Israeli forces on Monday shot and killed two Palestinians who carried out a car-ramming attack in the occupied West Bank, injuring a soldier and a policeman, police and the army said.
The army said security forces opened fire at three Palestinian assailants, "neutralising two of them and lightly injuring a third" while police spokesman Micky Rosenfeld said two of the Palestinians were killed.
"Assailants ran over a number of soldiers who had stopped at the side of the road on their way out of the village" of Kafr Nama, northwest of Ramallah, a military statement said.
"An (army) officer was severely injured and a border police soldier was lightly injured as a result," the army said.
Rosenfeld said that the policeman injured in the pre-dawn attack had already been released from hospital.
The Palestinian health ministry named the two men killed as Amir Mahmoud Darraj and Yussef Anqawi, both 20.
Kafr Nama's mayor said that troops were leaving the village on foot after a raid to arrest a Palestinian suspect there when the incident occurred.
Israel's army said its troops had arrested 11 alleged Hamas operatives in the Ramallah area overnight.
It added that "an initial inquiry suggests that earlier in the evening, the assailants of the car-ramming attack also hurled firebombs at a crossing".

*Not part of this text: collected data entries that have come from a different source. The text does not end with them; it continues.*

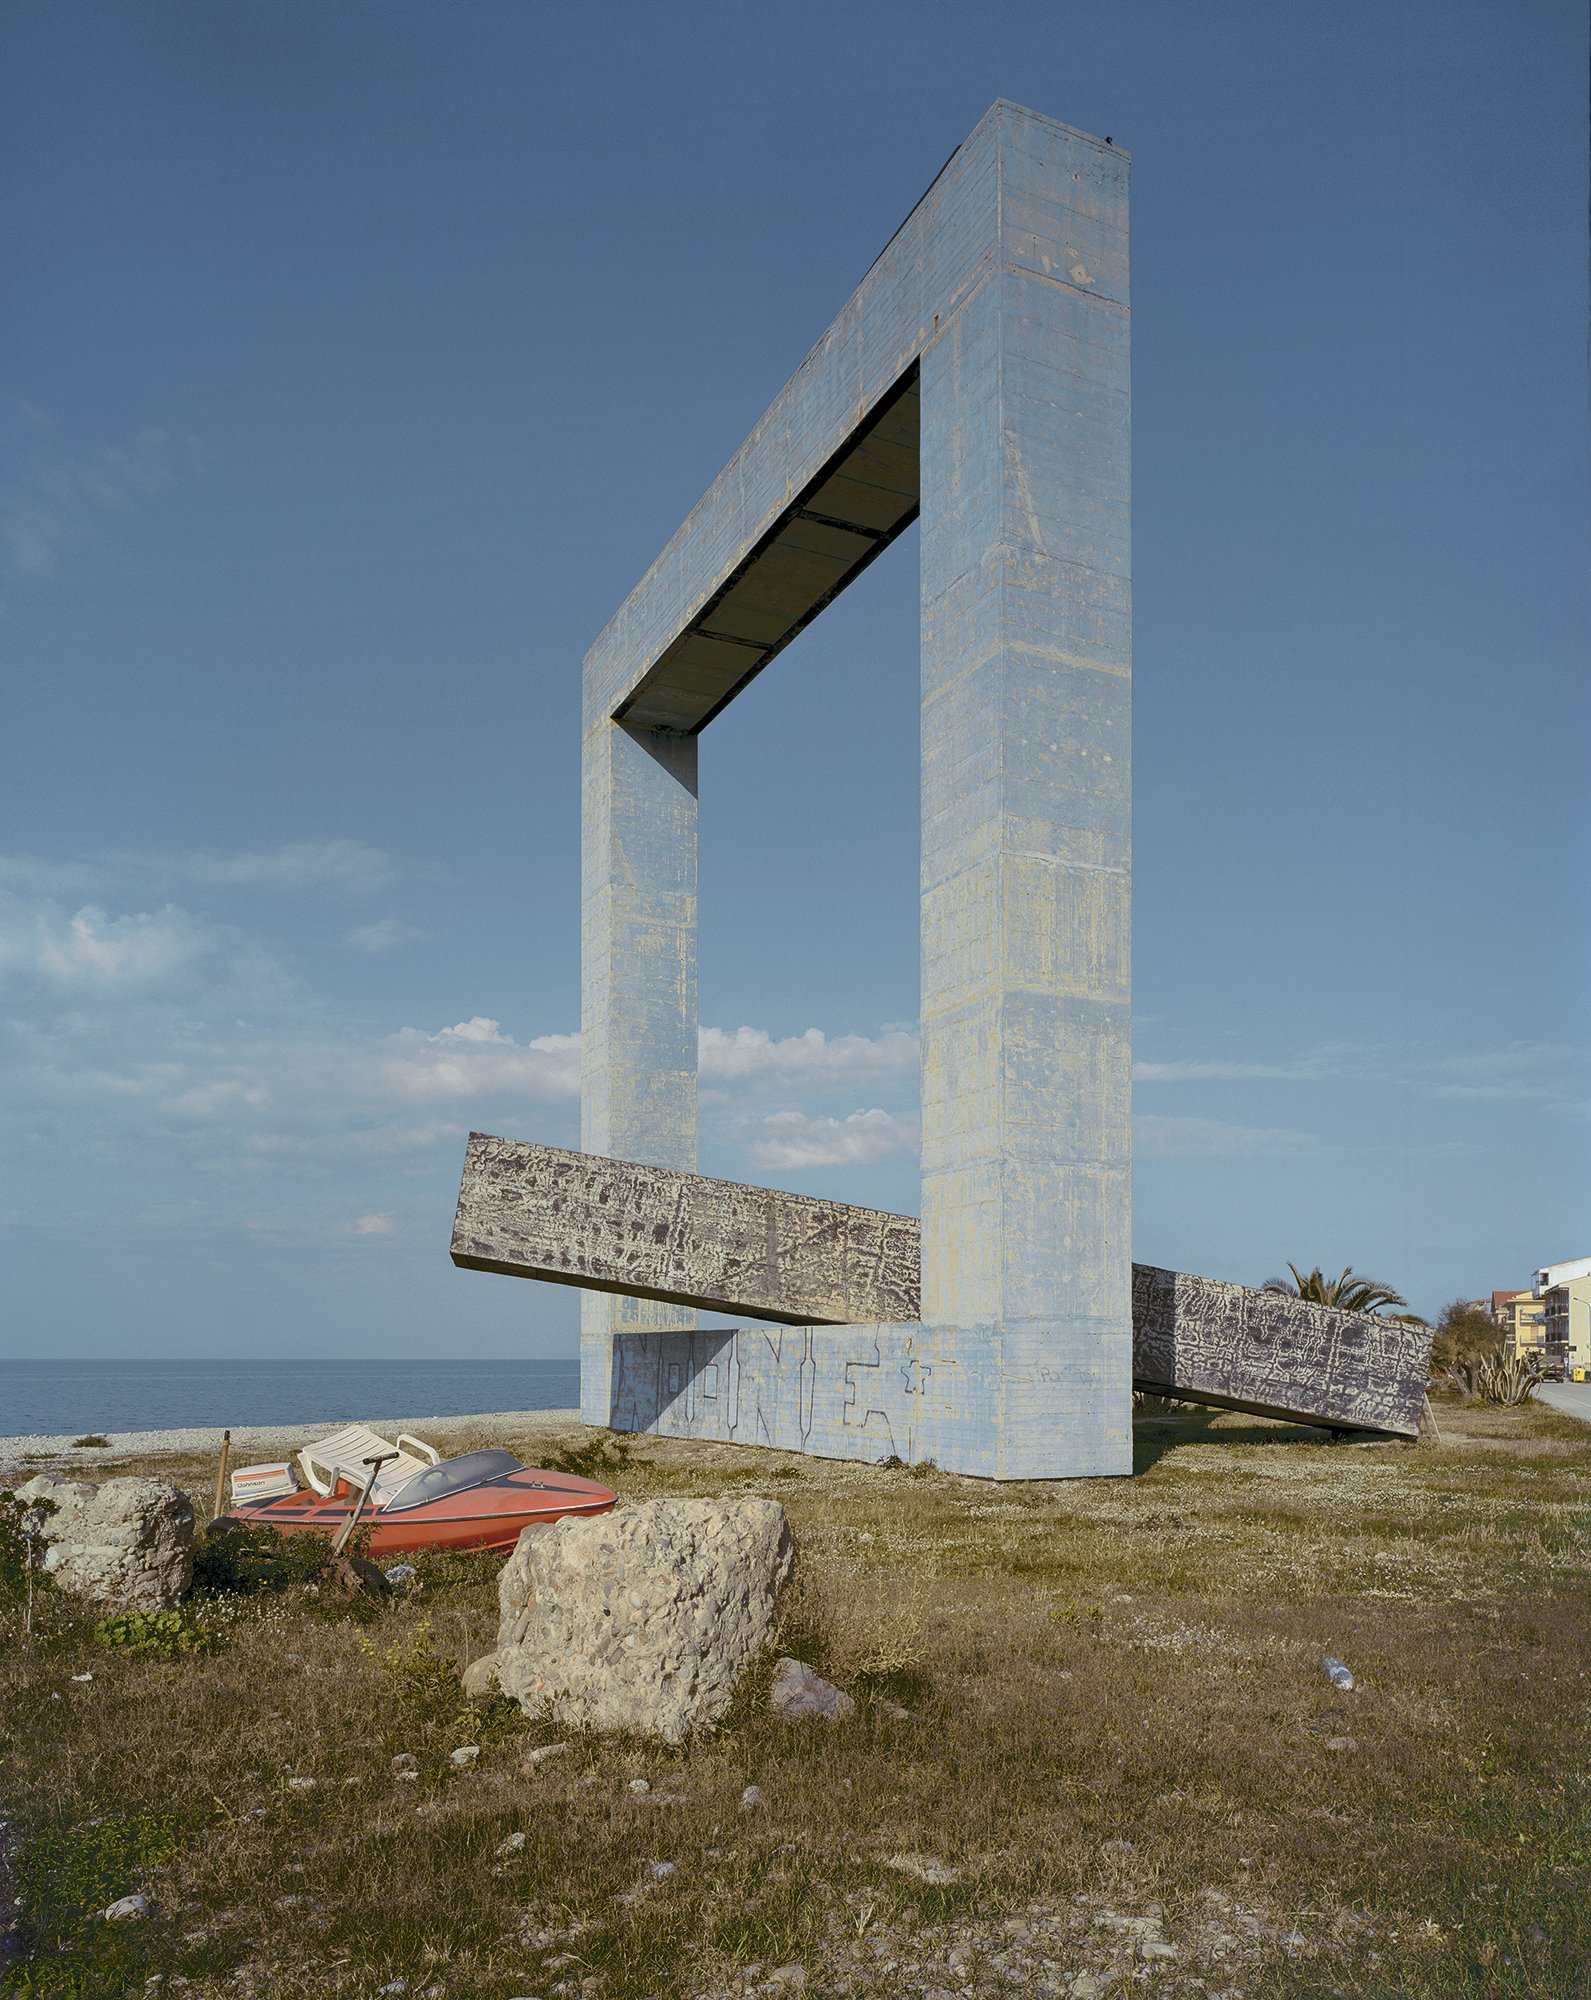  Finestra Sul Mare, S. Stefano. 2005. 
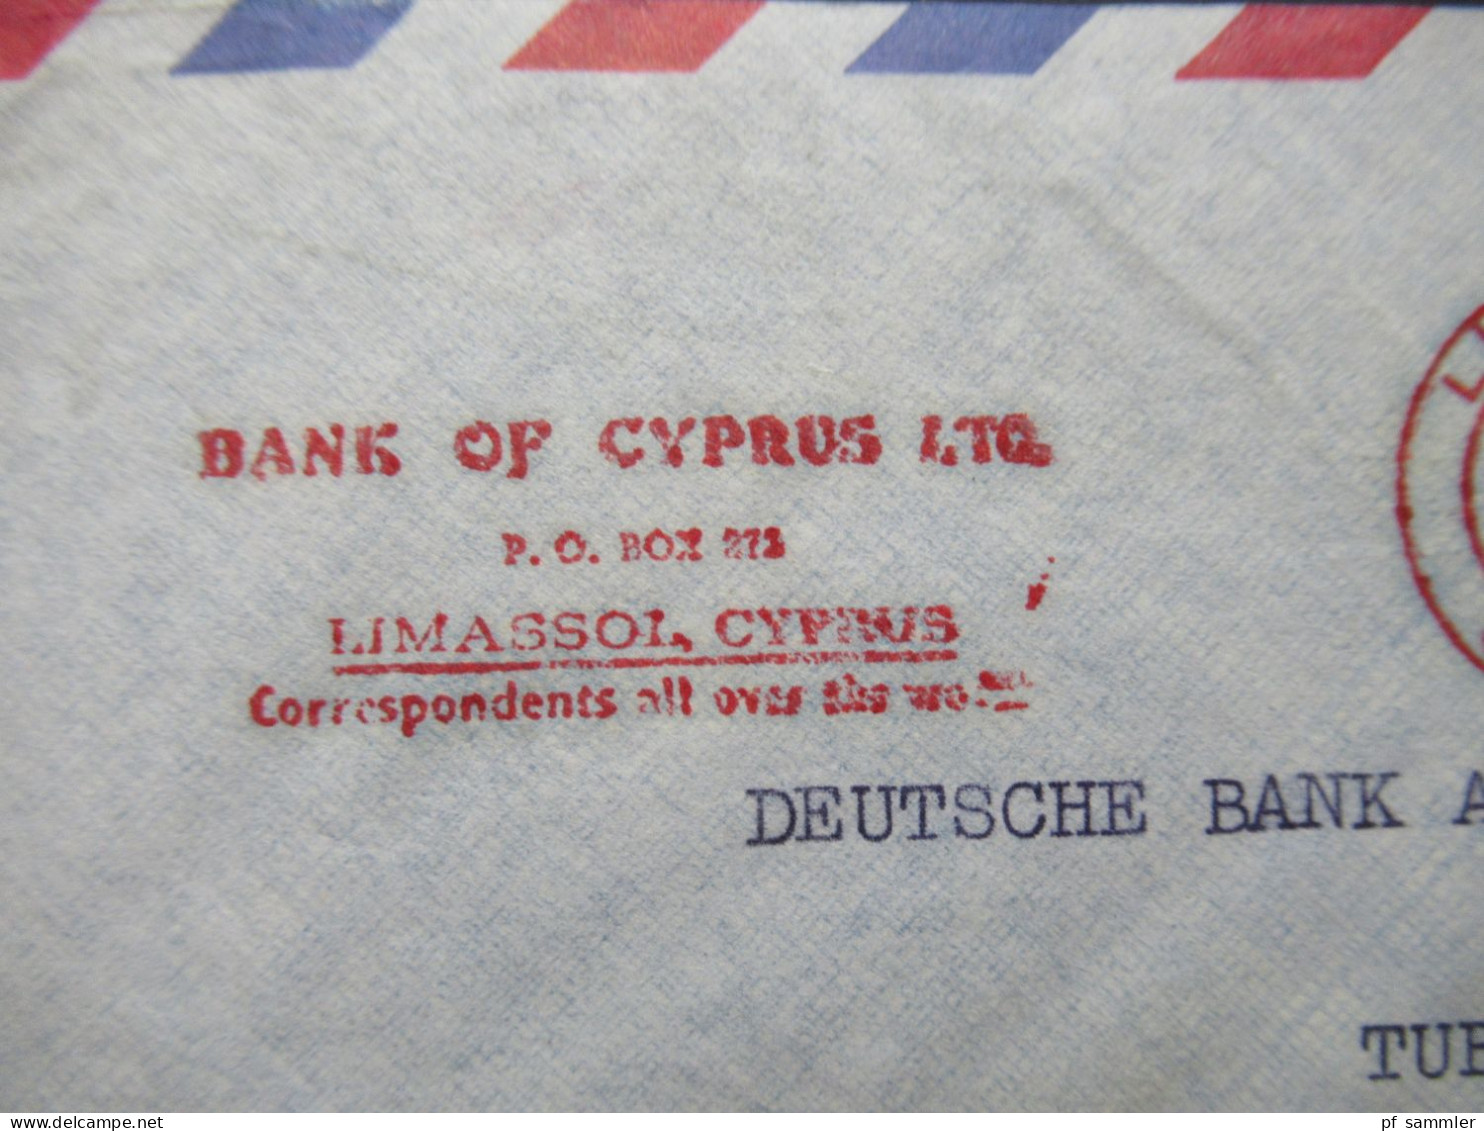 Zypern 1961 Par Avion Auslandsbrief Nach Tübingen Mit Freistempel AFS Limasol Cyprus Bank Of Cyprus LTD - Lettres & Documents
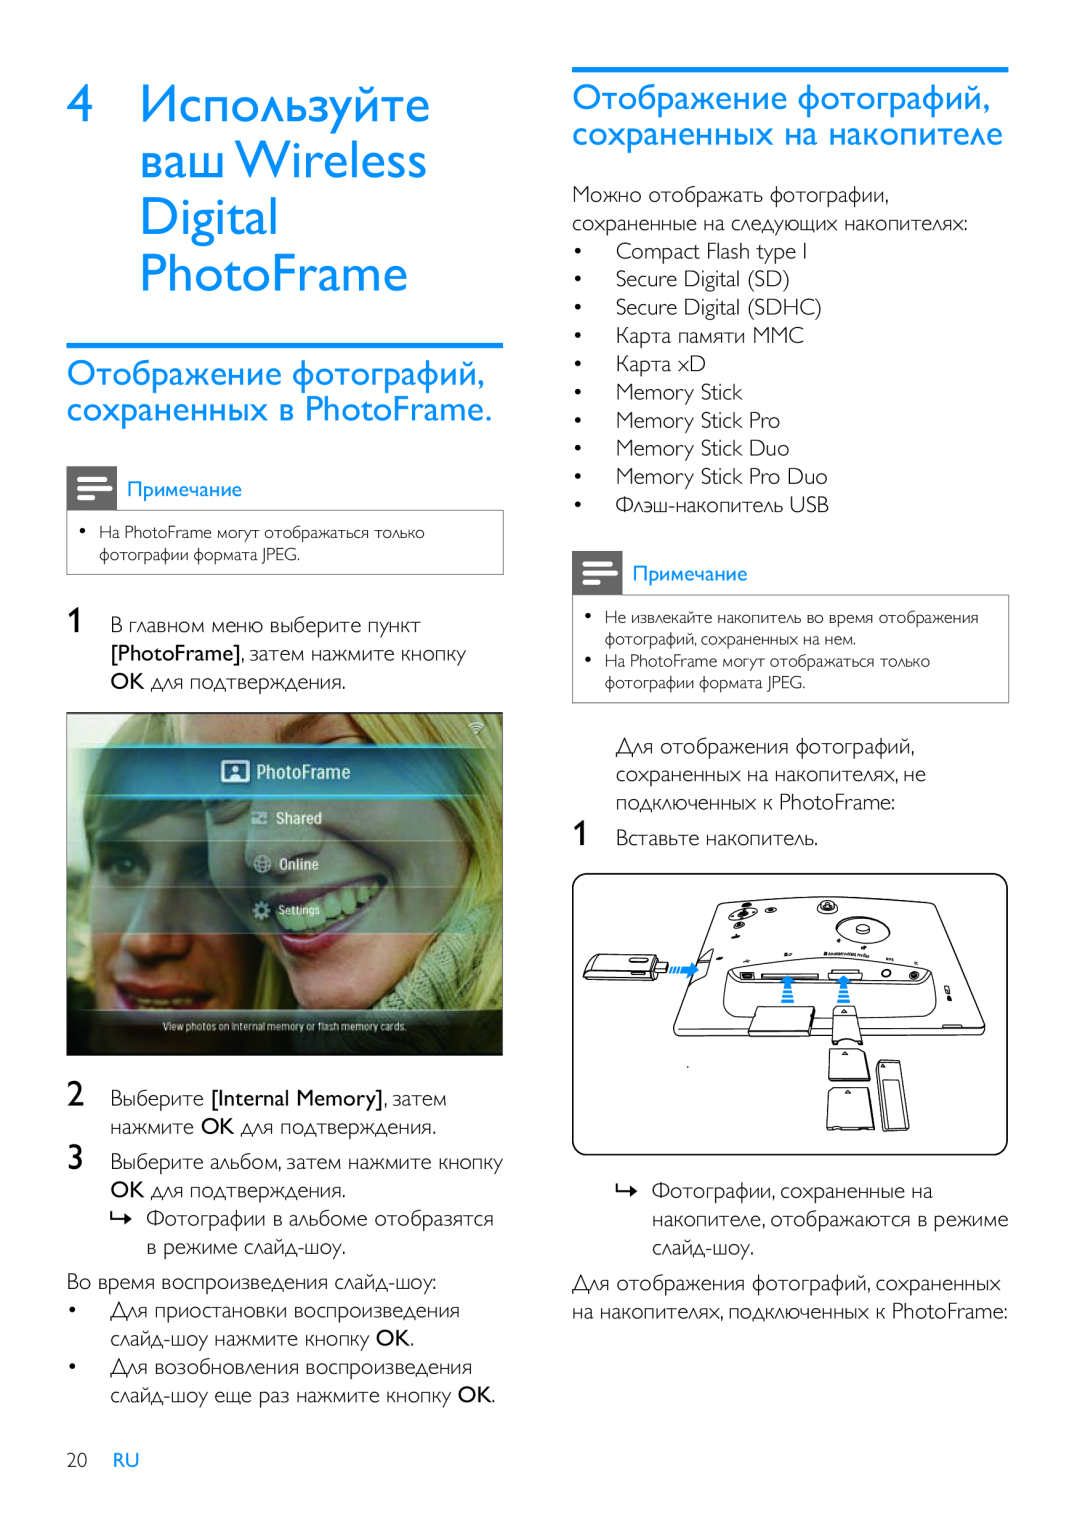 Philips 8FF3WMI 4ǕǾǼǻǸȉǴȀǶǿǲ ǯǭȅ Wireless Digital PhotoFrame, ǛǿǻǮǽǭǳǲǺǵǲ ȁǻǿǻǰǽǭȁǵǶ, ǾǻȂǽǭǺǲǺǺȈȂ ǯ PhotoFrame, ǜǽǵǹǲȄǭǺǵǲ 
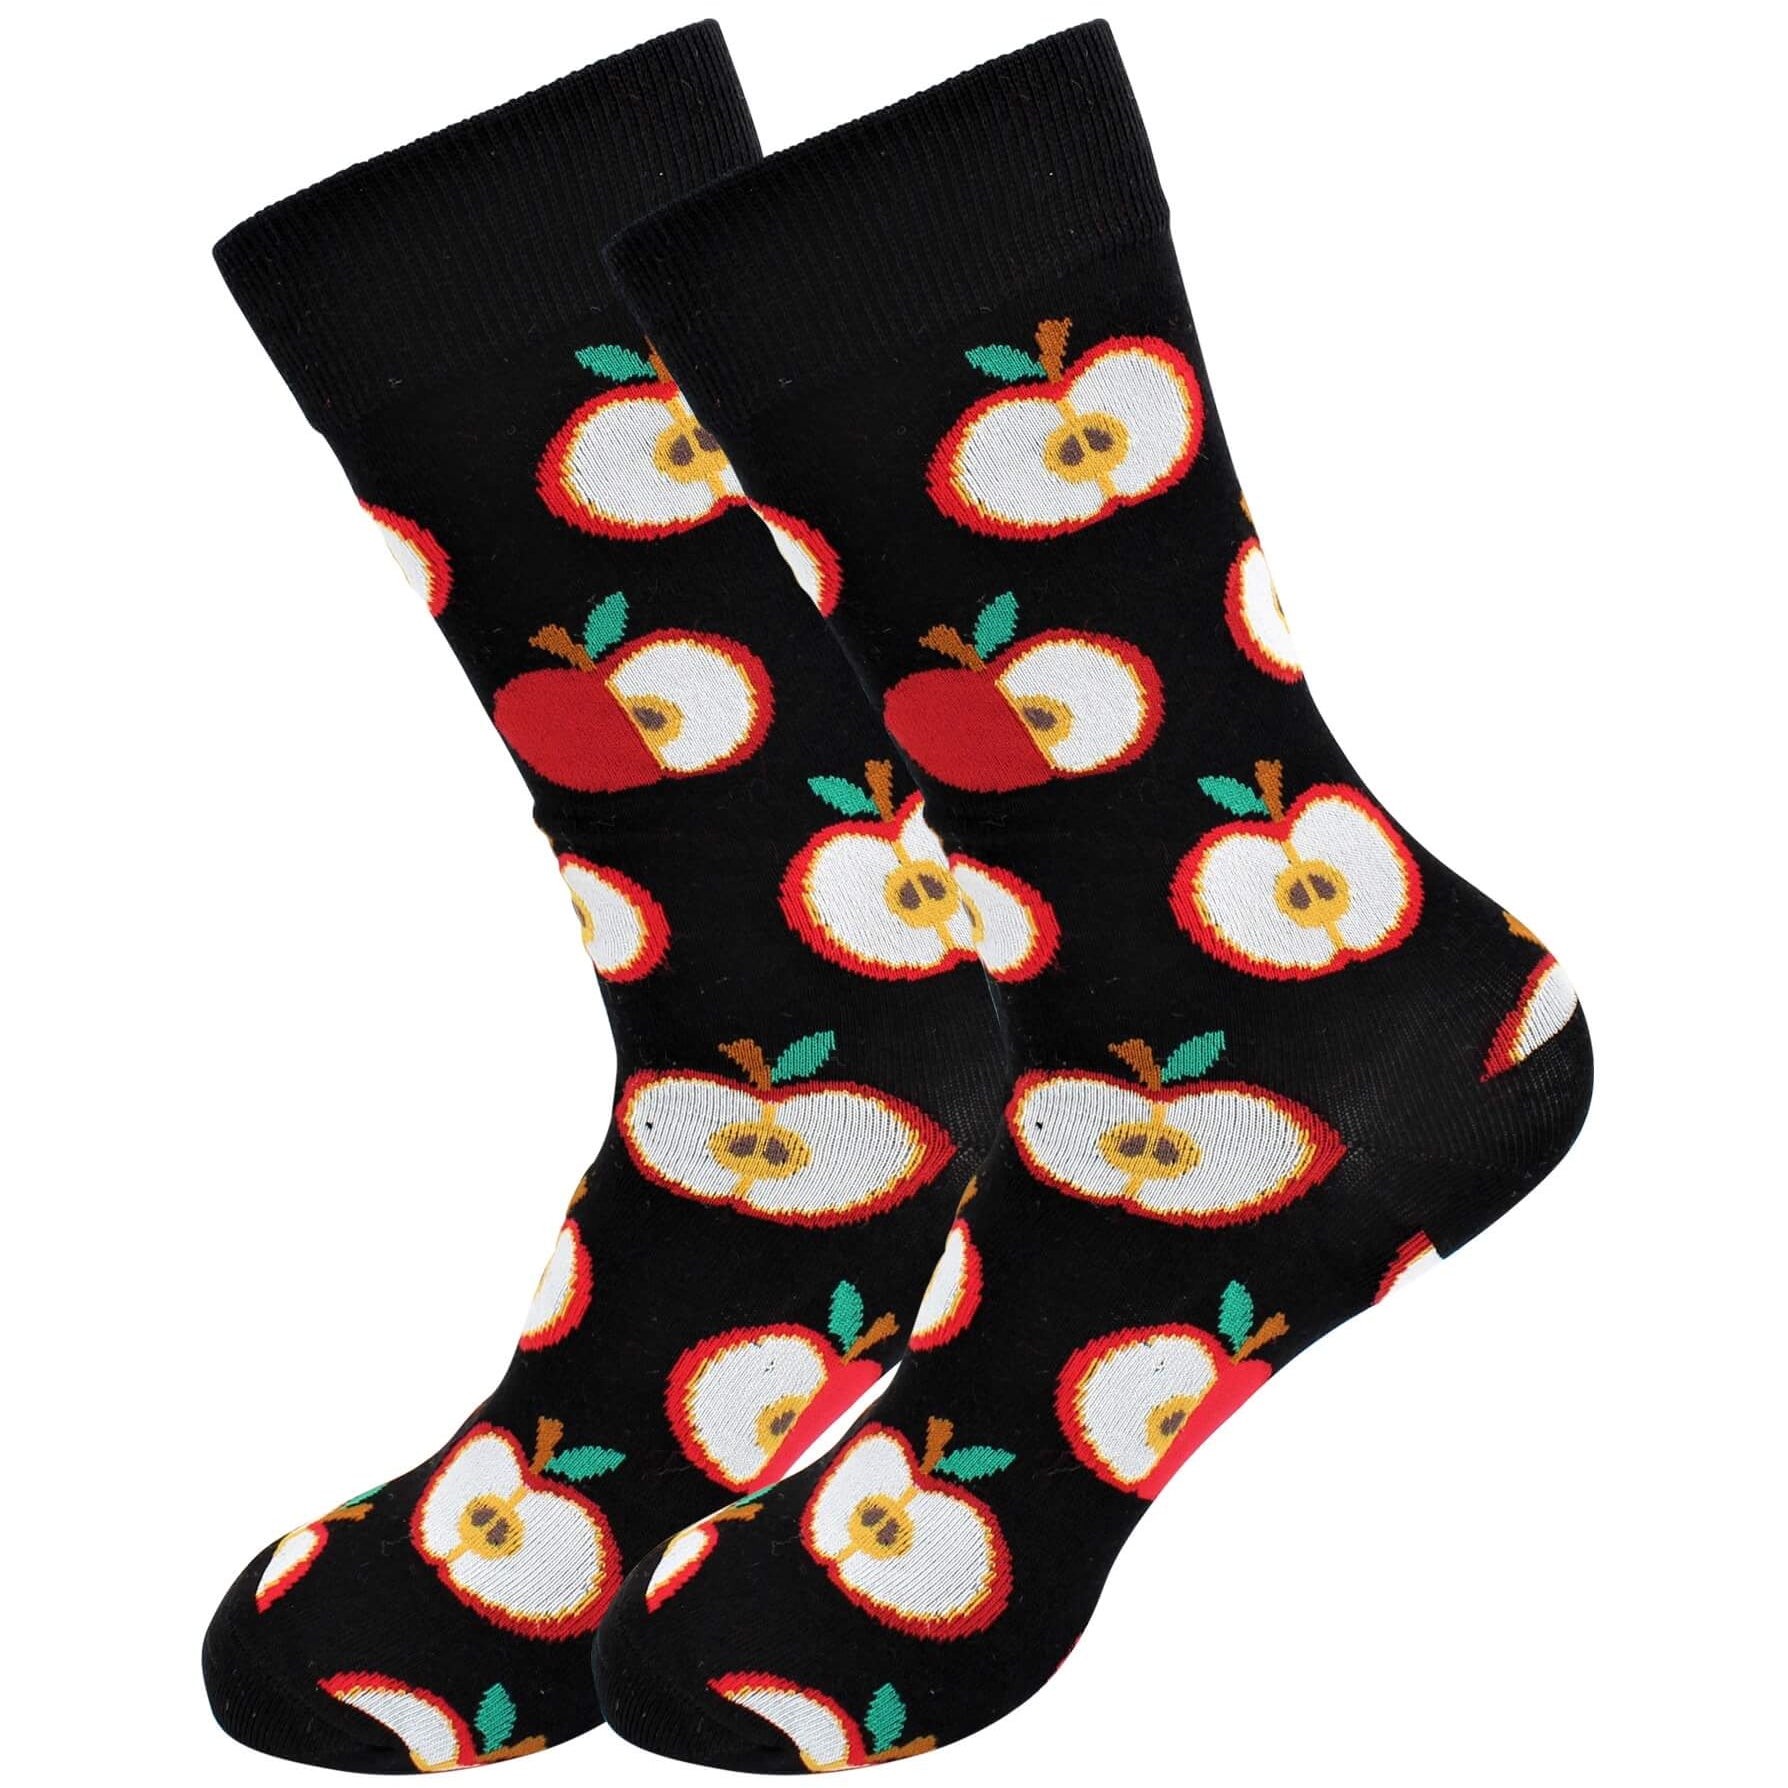 Real Sic - Apple Socks

"Additional firebombs were later found in the vehicle that had been used in the terror attack," the army statement said.
Hamas, the Islamist group that runs the Gaza Strip and which has fought three wars with Israel, praised the attack but stopped short of claiming it.
A statement hailing the attack said the Palestinian people "will continue their struggle against the occupier until they achieve complete freedom and free their land".
Palestinian car-ramming, knife and gun attacks against Israelis occur sporadically in the West Bank, which has been occupied by Israel since the 1967 Six-Day War.